The “mind-muscle connection” is a somewhat bro-sciency way to describe the connection one feels to the muscles as they contract during exercise. However obscure this may sound, I can attest that this is a very real phenomenon, as well as trainable skill.

arnold curl

Arnold was a fan of mind-muscle training

The true purpose of exercise is to deeply and effectively fatigue or “work” the target muscles. Some exercises work large groups of muscles simultaneously, like a squat, and some work smaller muscles more directly, like a biceps curl. Using progressively heavier weights during an exercise is the best way to create muscular tension and externally force your muscles to contract against a weight. For beginners to exercise, this is a useful way to progress. However, once the weights start to drastically increase the risk starts to outweigh the benefits. If your focus is continually external in nature, such as, “how much weight can I lift”, you will eventually run into an injury due to the fact that you are pushing your structural limits.

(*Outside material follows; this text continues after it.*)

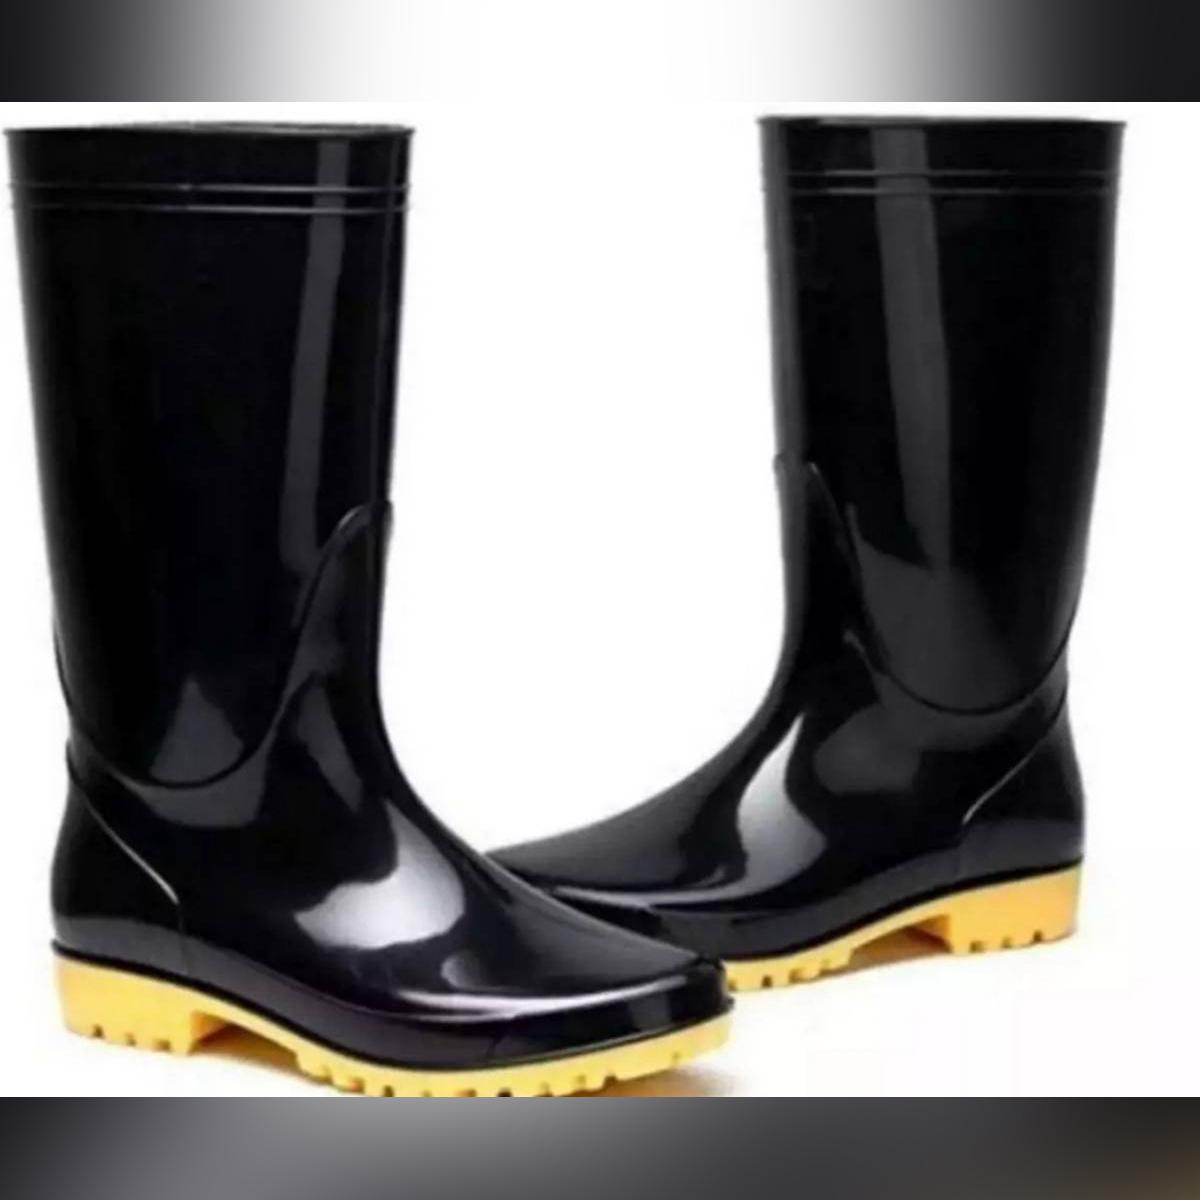 WATERPROOF LONG HEIGHT ONE PAIR BLACK RUBBER RAIN BOOT FOR MEN&&WOMEN

By focusing on certain muscles and willfully contracting them, you can accelerate the process of fatiguing the target muscles. This type of training requires an internal focus, and a mature mindset toward exercise. The externally focused mindset to exercise is geared towards sport, achievement of some kind, or showing off. While there is nothing inherently wrong with training in this way, it does present increased risk to the body. The question remains, would you even bother if no one was watching? Externally focused goals, can for some, mean increased confidence and mental strength which transfers to other areas of life, which can be beneficial. However, you need to know why you are training and what you want to gain from your invested time.

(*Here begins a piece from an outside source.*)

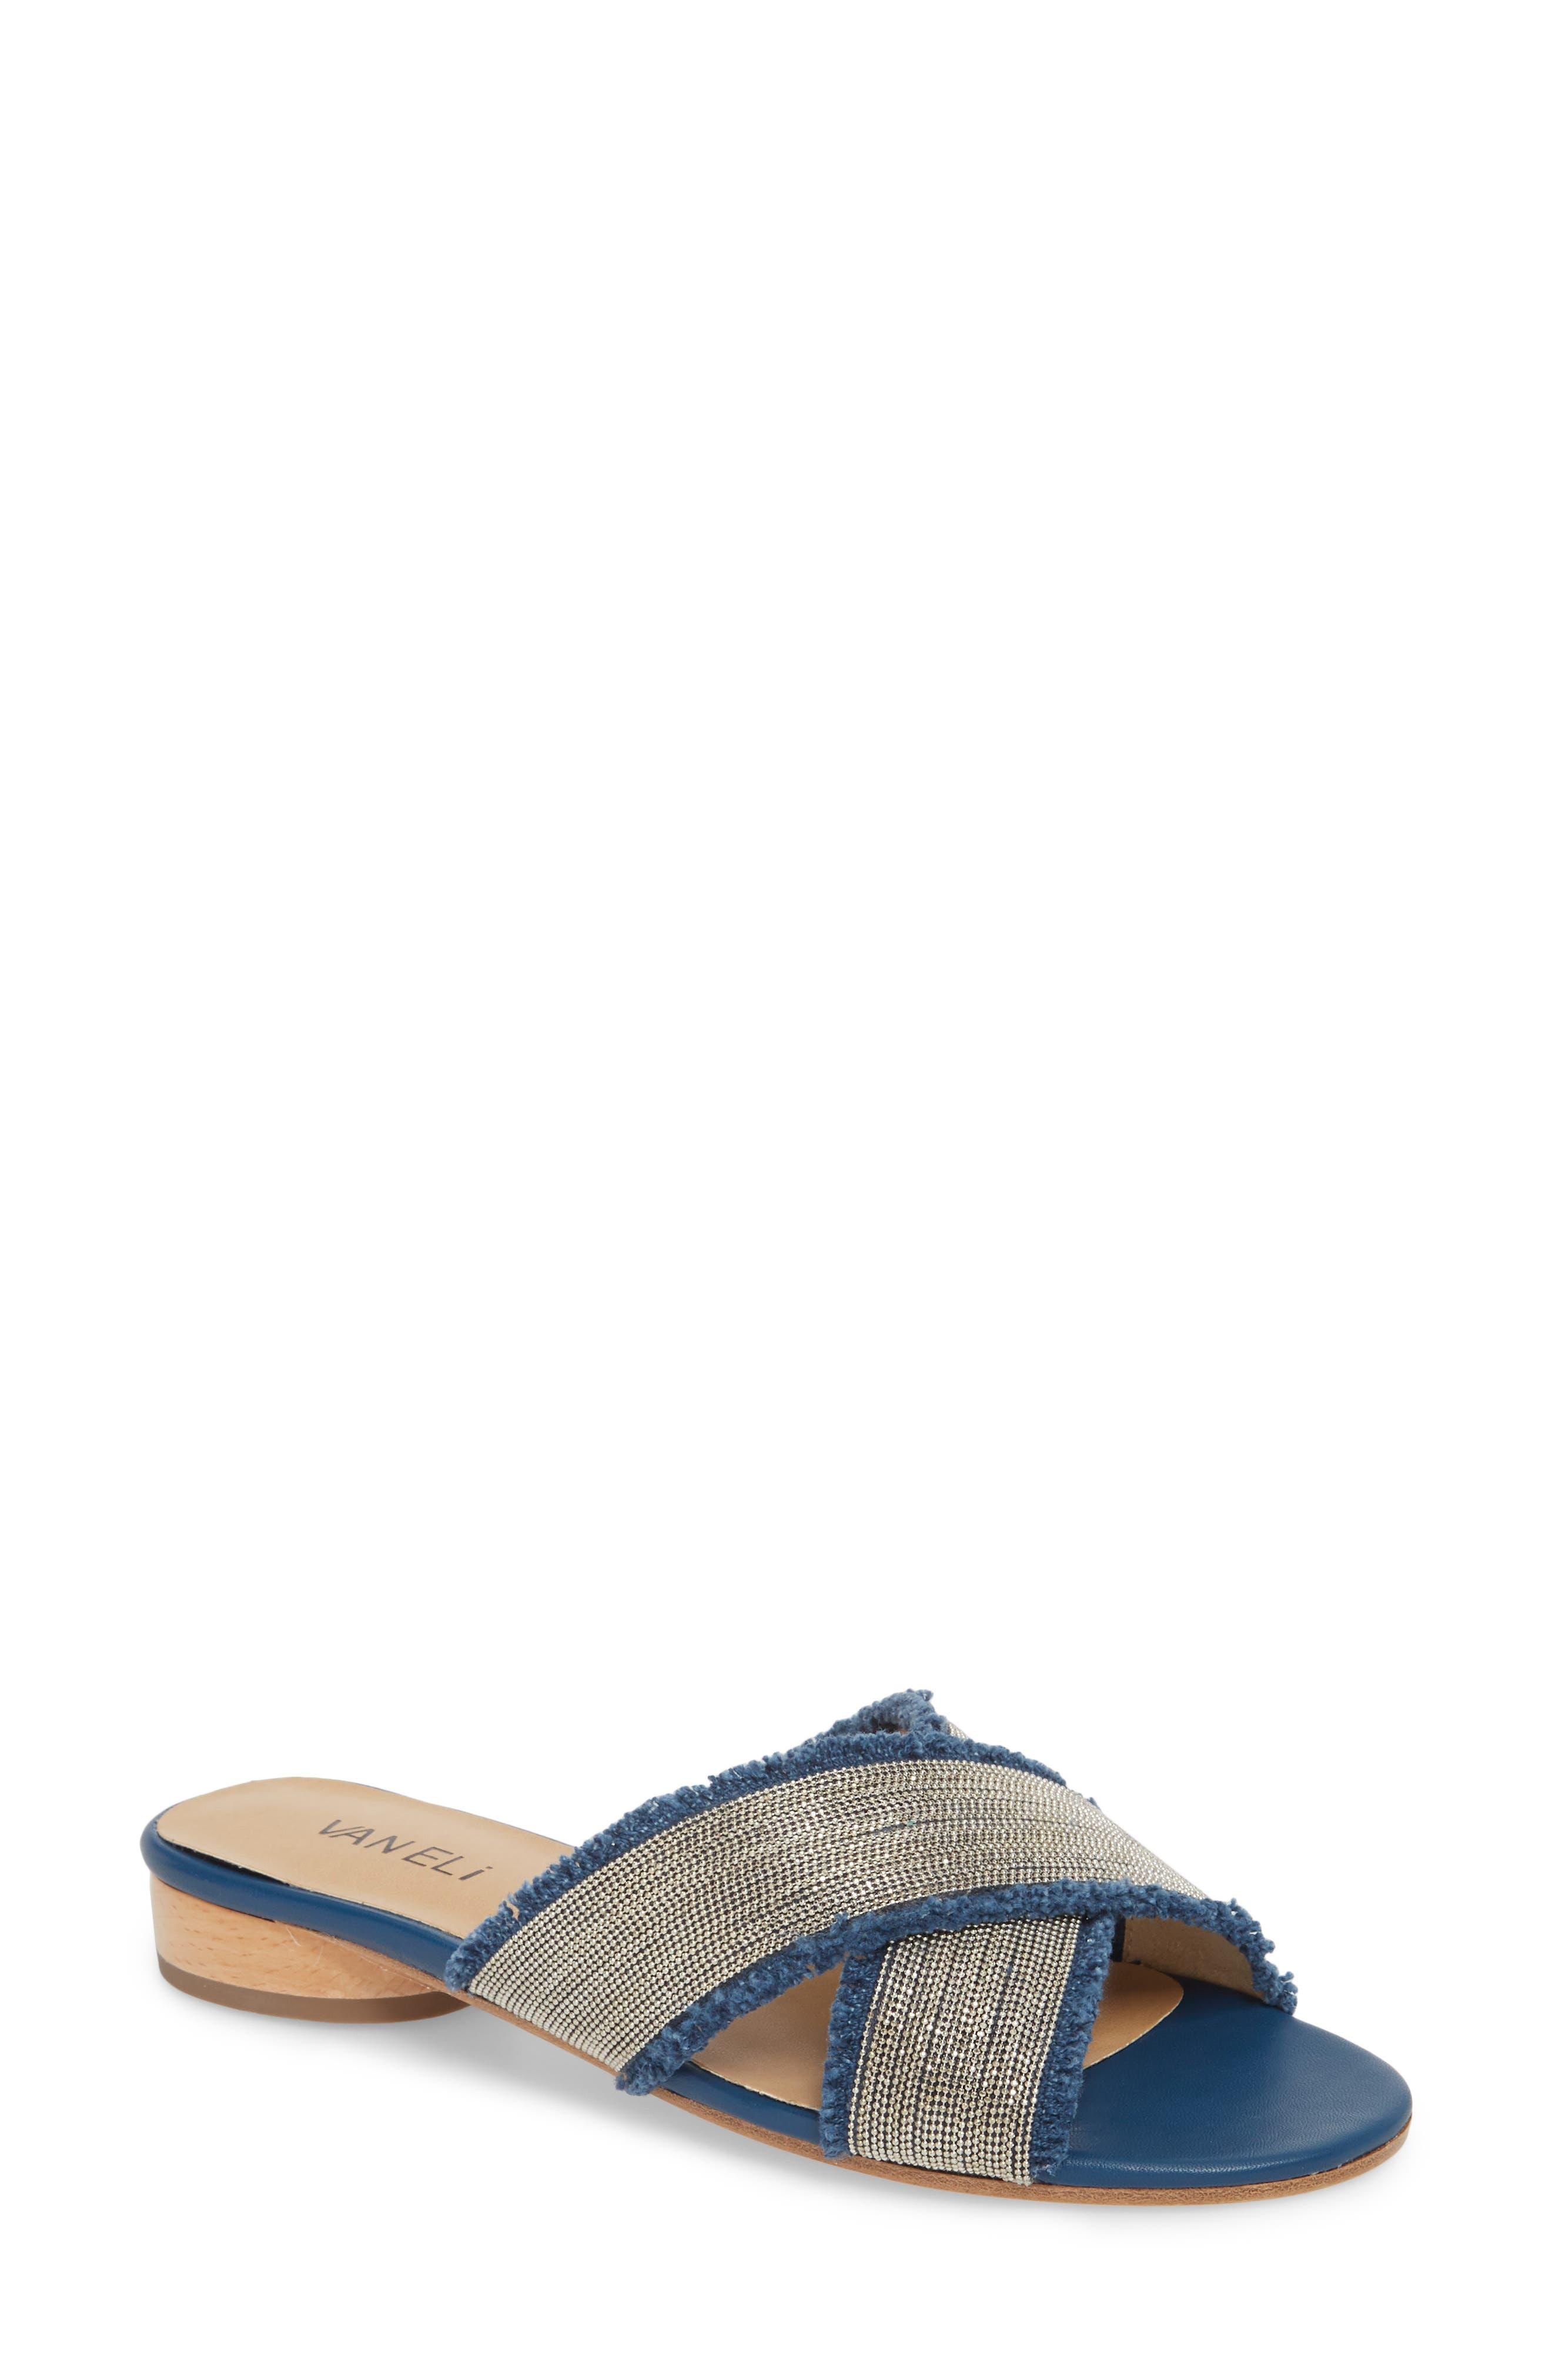 Baret Embellished Cross Strap Slide Sandal,                             Main thumbnail 1, color,                             Denim Fabric

If you choose the internal path, focus on challenging muscular contraction first. Here are a few tips to get you started:

  • If you are not familiar with anatomy, it’s ok, start simply by palpation (touching) the muscles you want to contract. Pushing into them with your finger not only allows you to feel which muscles you are working, it also gives the muscles a solid surface from which to push against, improving awareness. For example, keep an index finger on your glutes when you do hip thrusts to feel them contracting.
  • Attempt holding the end-ranges of an exercise for a few seconds to activate the muscle as you move. For example, in a biceps curl hold the top position and squeeze your biceps there for 3 seconds, then, as you lower and hit the bottom, allow it to stretch for a few seconds before slowly reversing the direction.
  • Try using static contractions. Doing a wall-sit can be a great way to really feel your quads working. Focus on contracting your quads and don’t squirm away or move to avoid using them.
  • Target individual muscle groups during big, compound movements. For example, during a squat, pause at the bottom for a few seconds, focus on squeezing your glutes in this position, and then slowly rise up as you contract your glutes hard.

These are just a few tips to get you started feeling the muscles work. I recommend everybody incorporate at least some of these techniques into their routine, you will get better results, and keep your joints healthy in the process.